## Work to be completed:
Exactly as they appear, retype the lines from the one containing "Amplificador Marshall Mg10g" through the final line of the data below. Leave pictures out.

## Collected material:
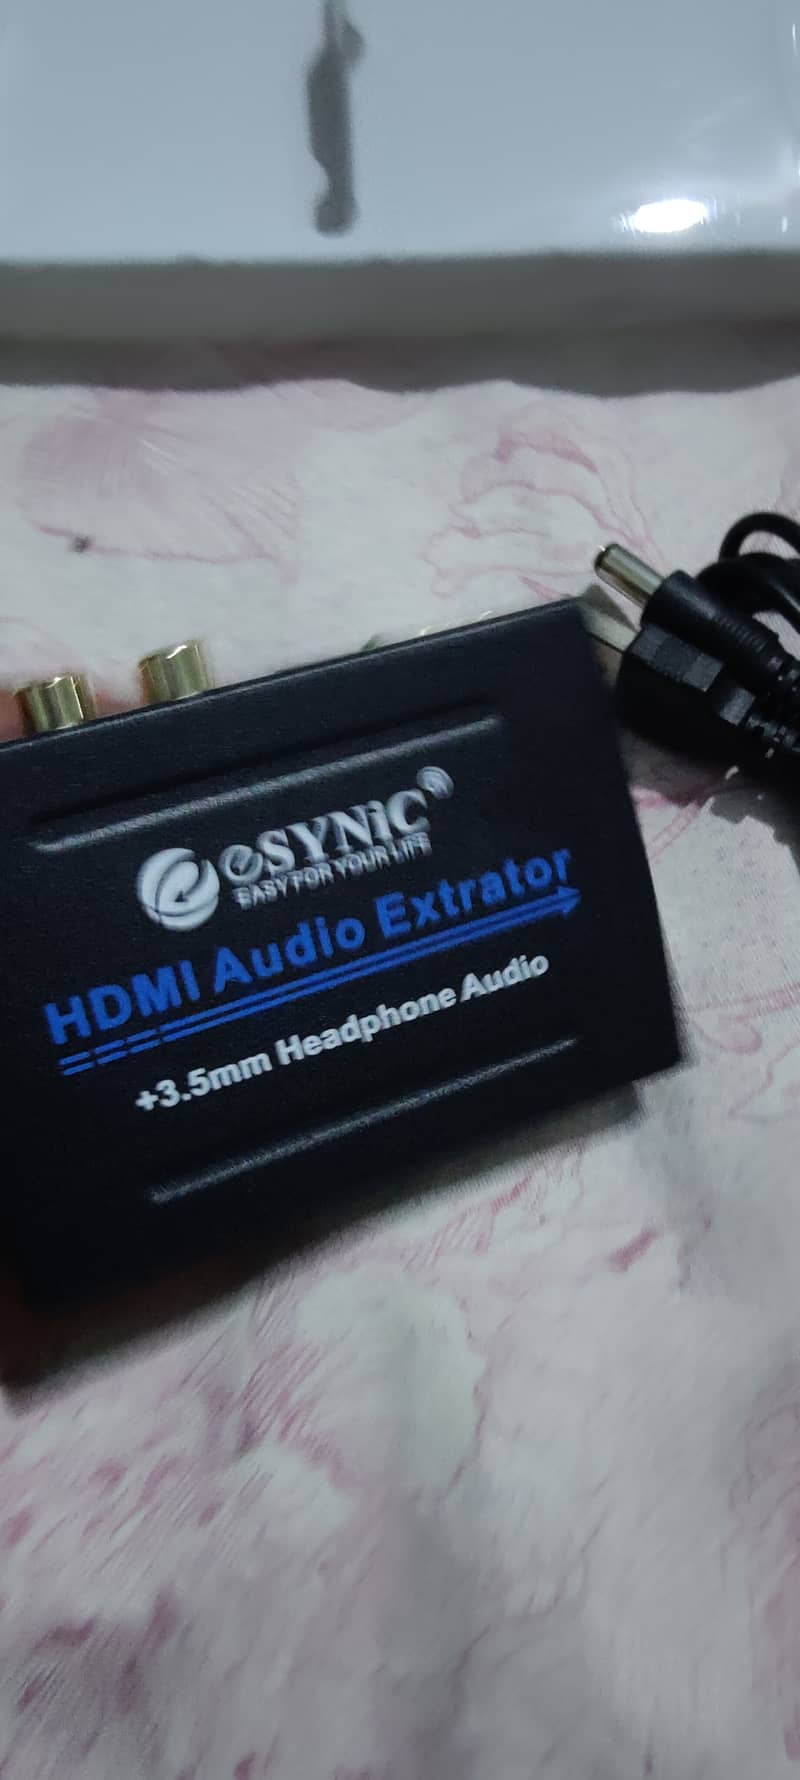 Esynic Audio Video Extrator +3.5 mm Headphone audio 3
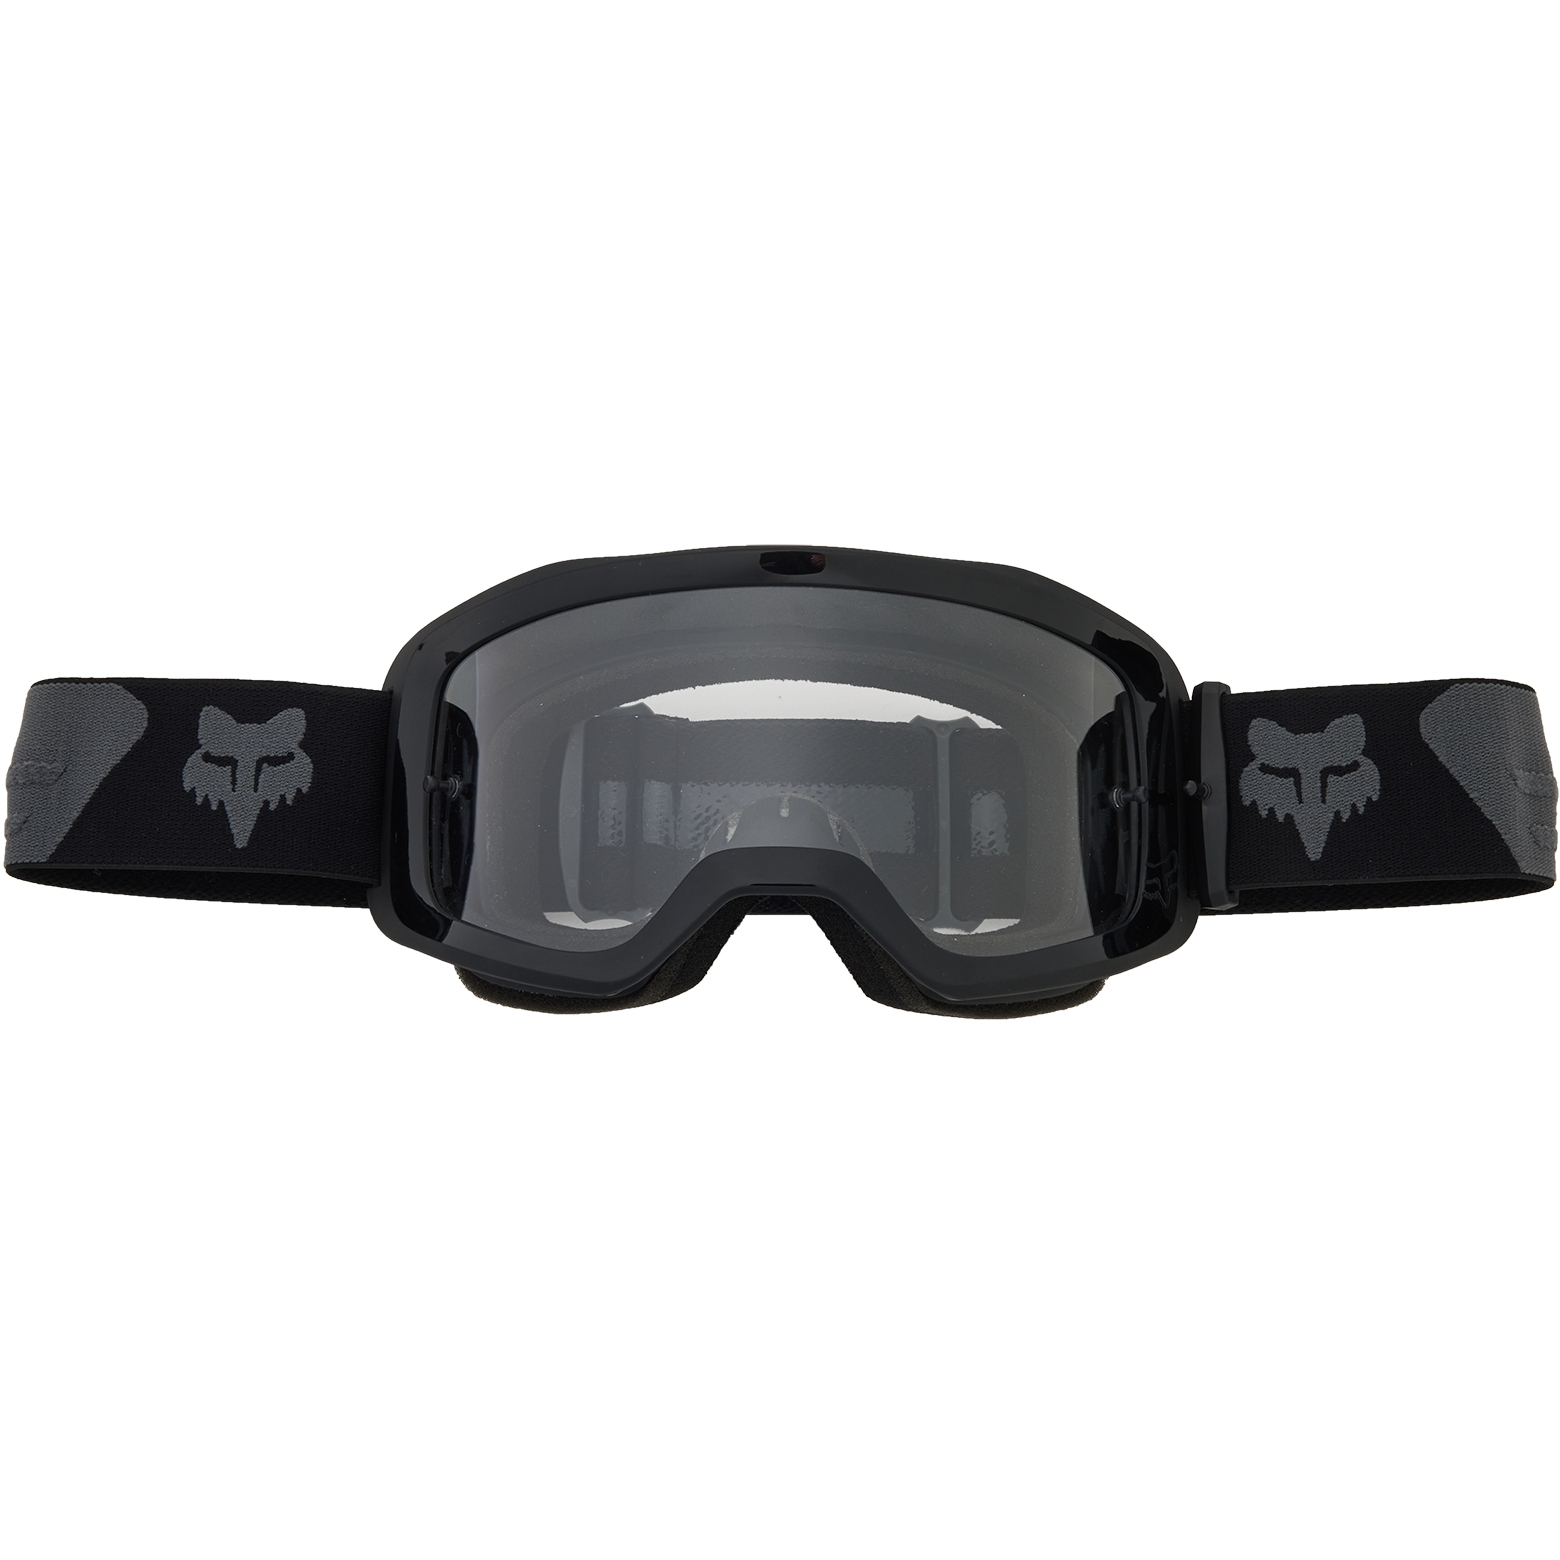 Produktbild von FOX Main Core Goggle - schwarz/grau
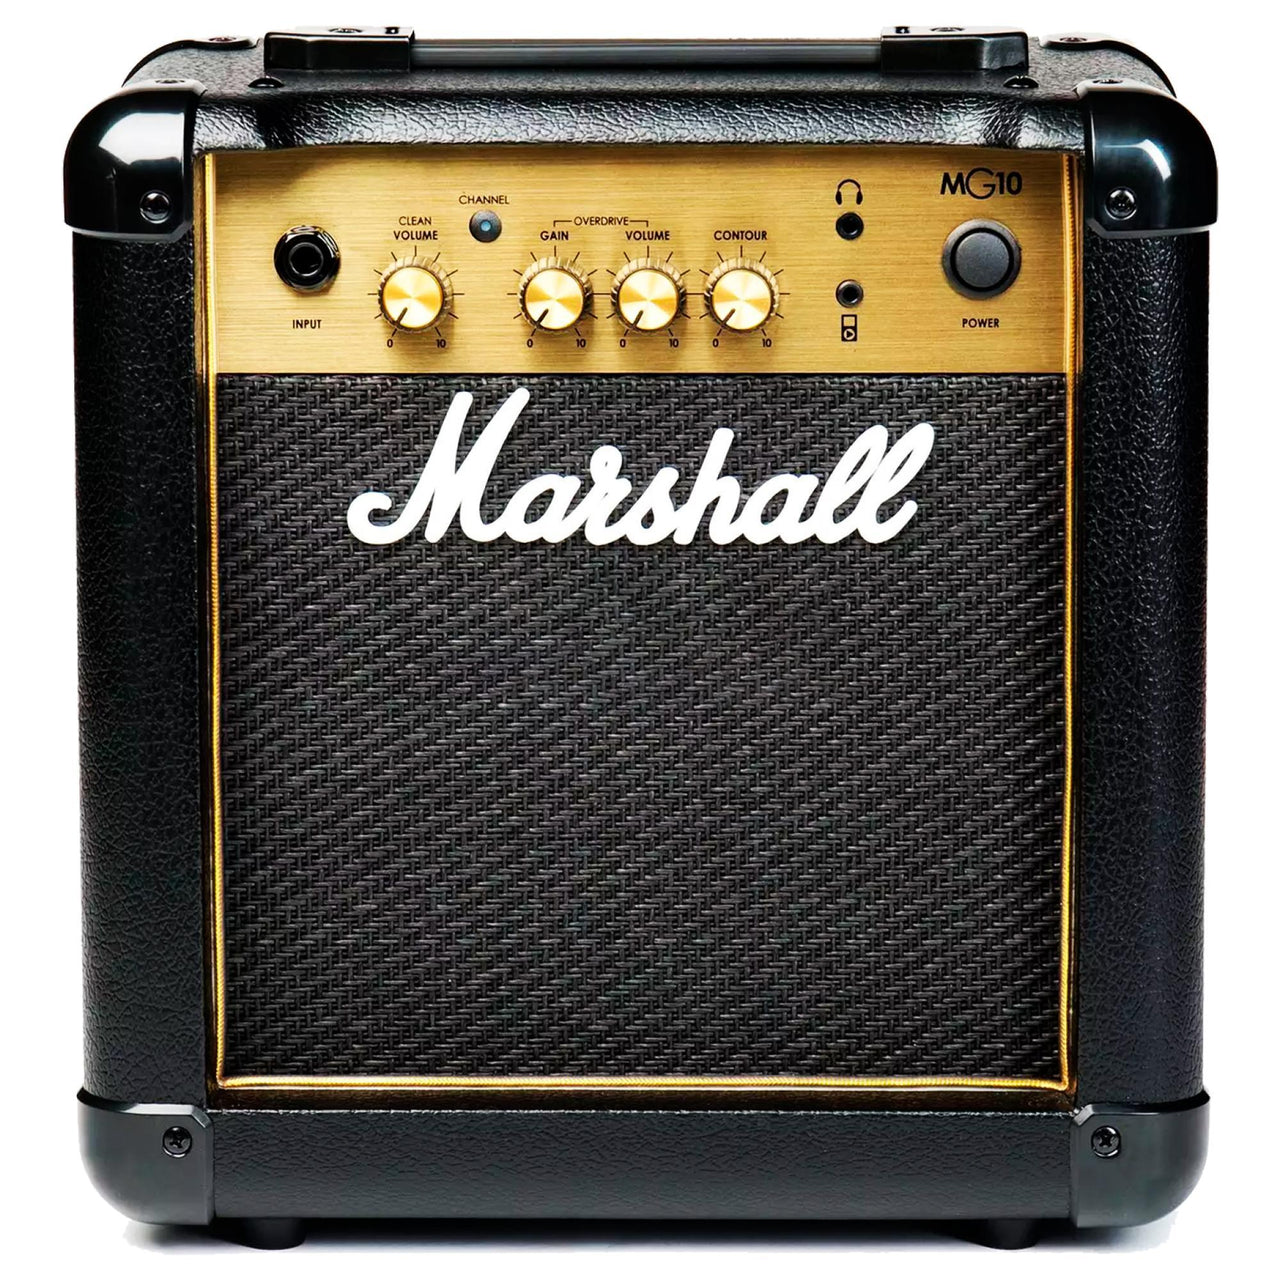 Amplificador Marshall Mg10g Para Guitarra 10 Watts Mg Gold
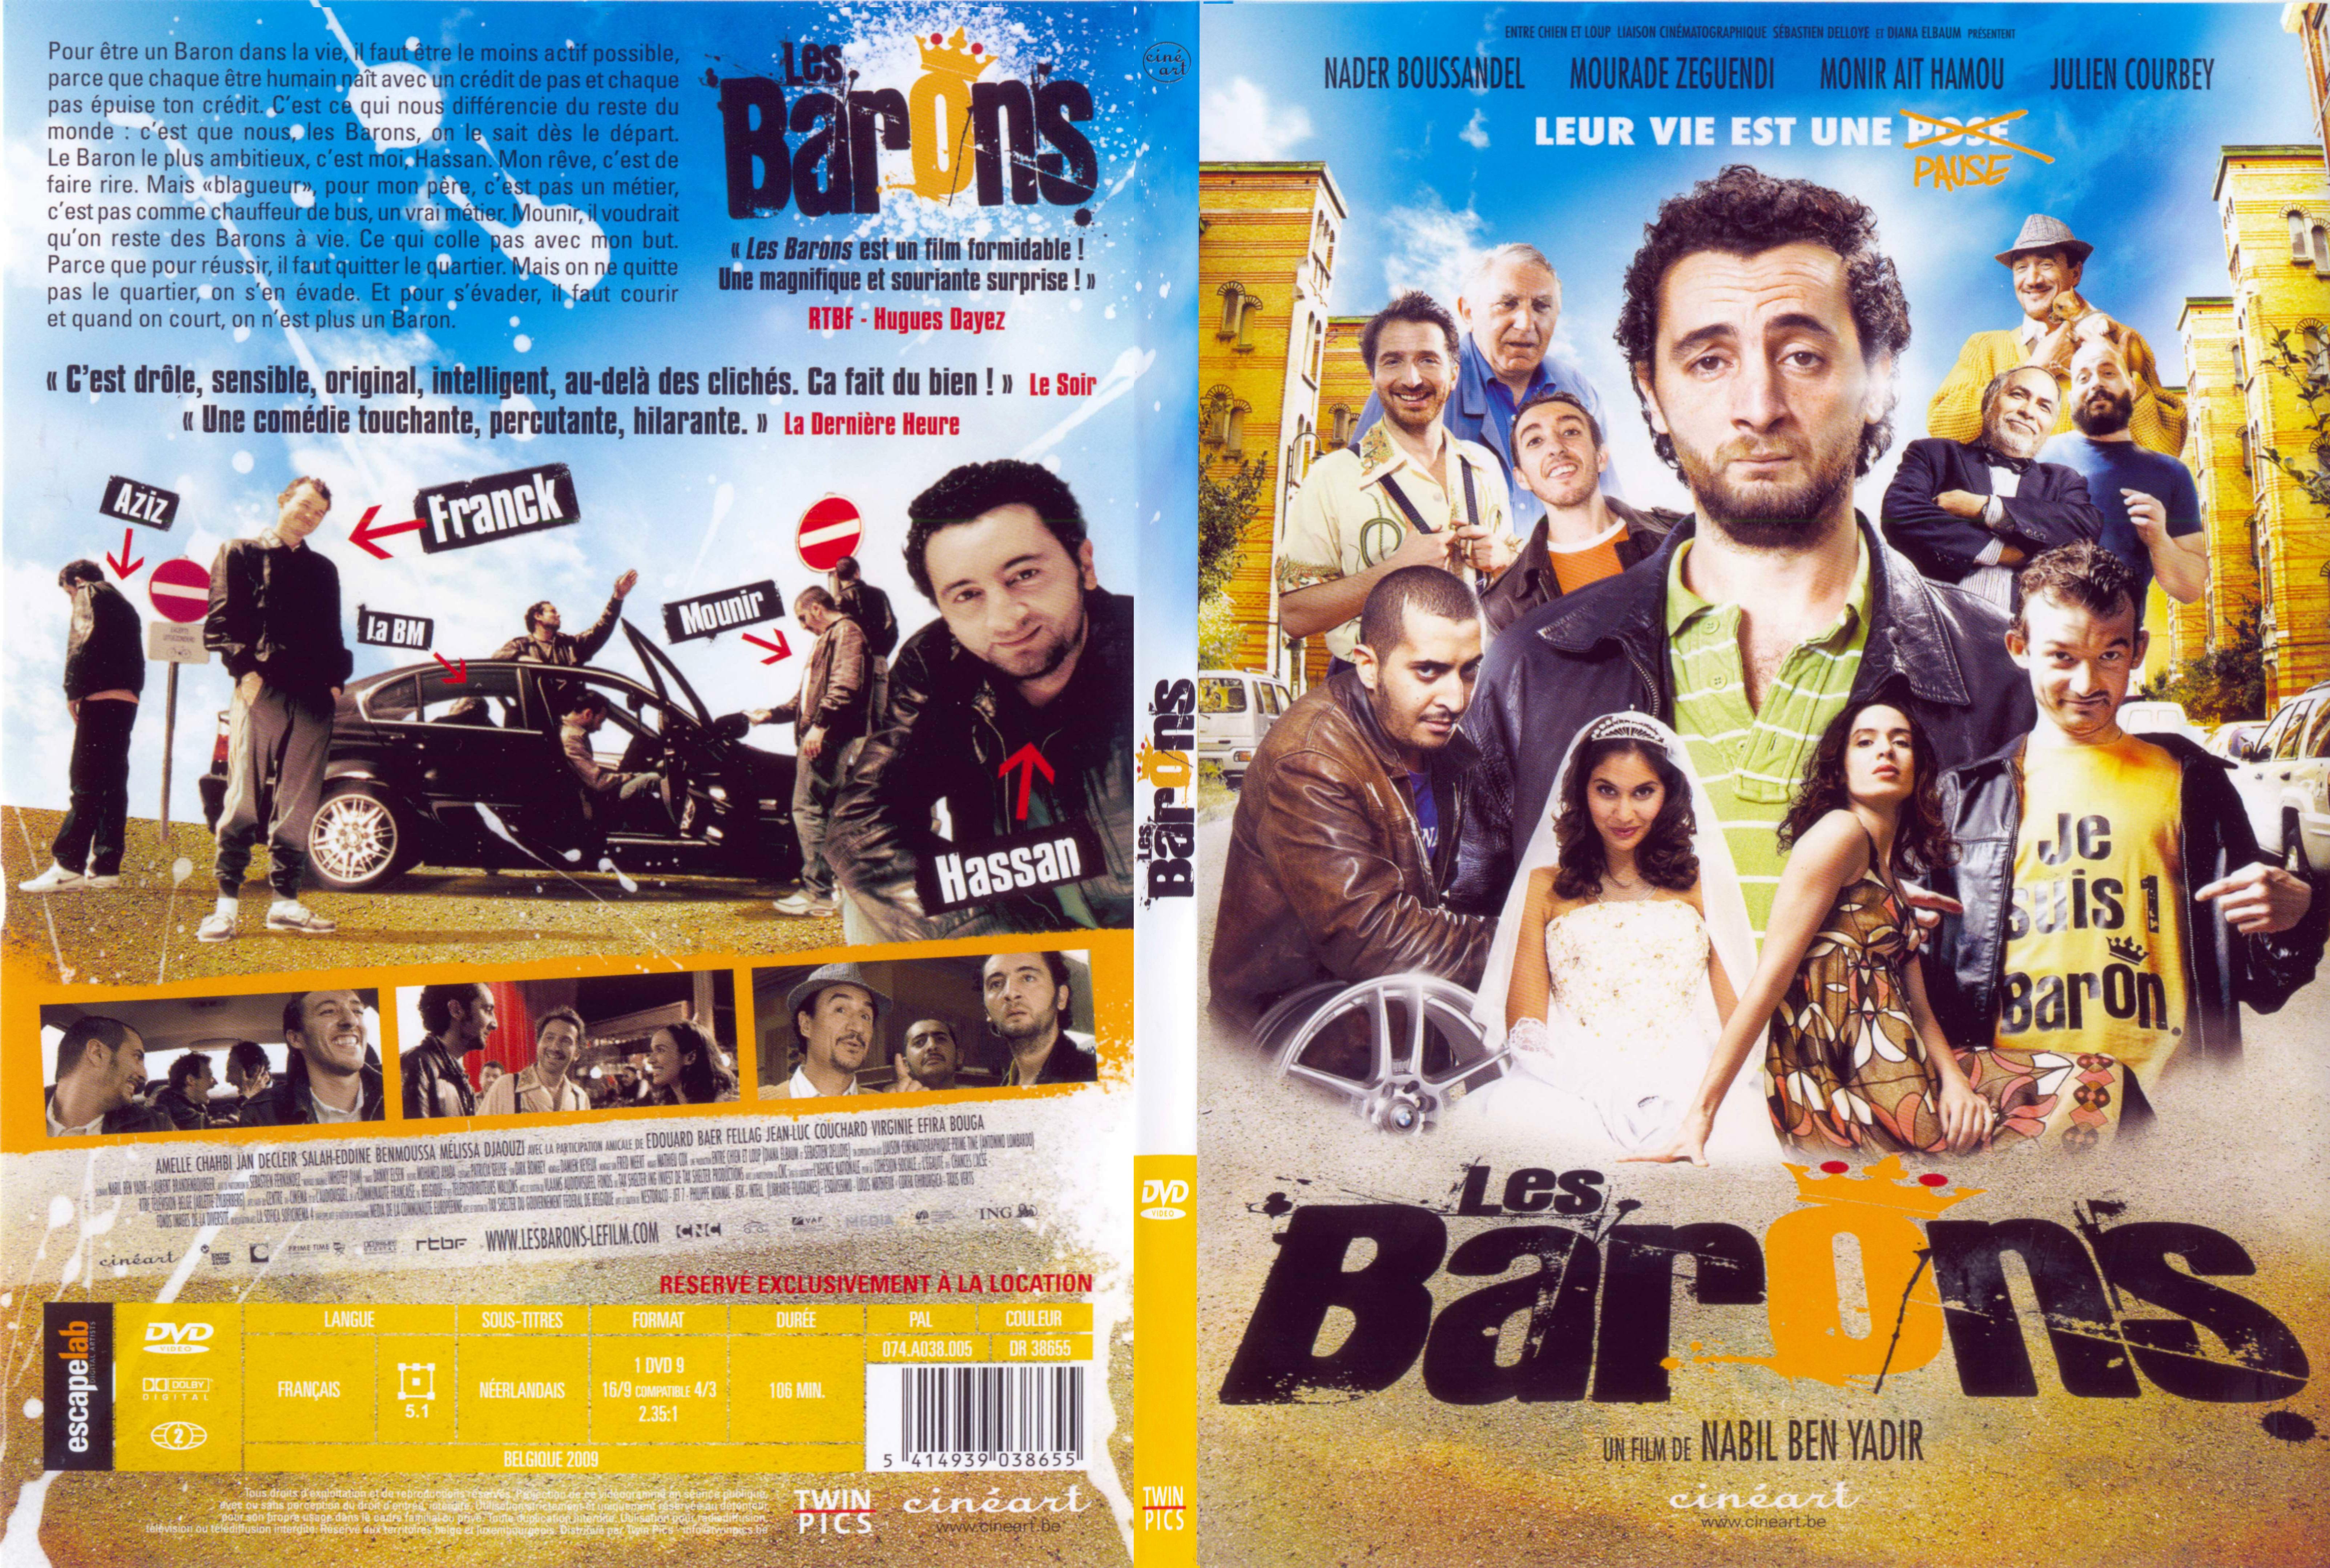 Jaquette DVD Les barons - SLIM

## Exercise result:
 Amplificador Marshall Mg10g Para Guitarra 10 Watts Mg Gold
 Jaquette DVD Les barons - SLIM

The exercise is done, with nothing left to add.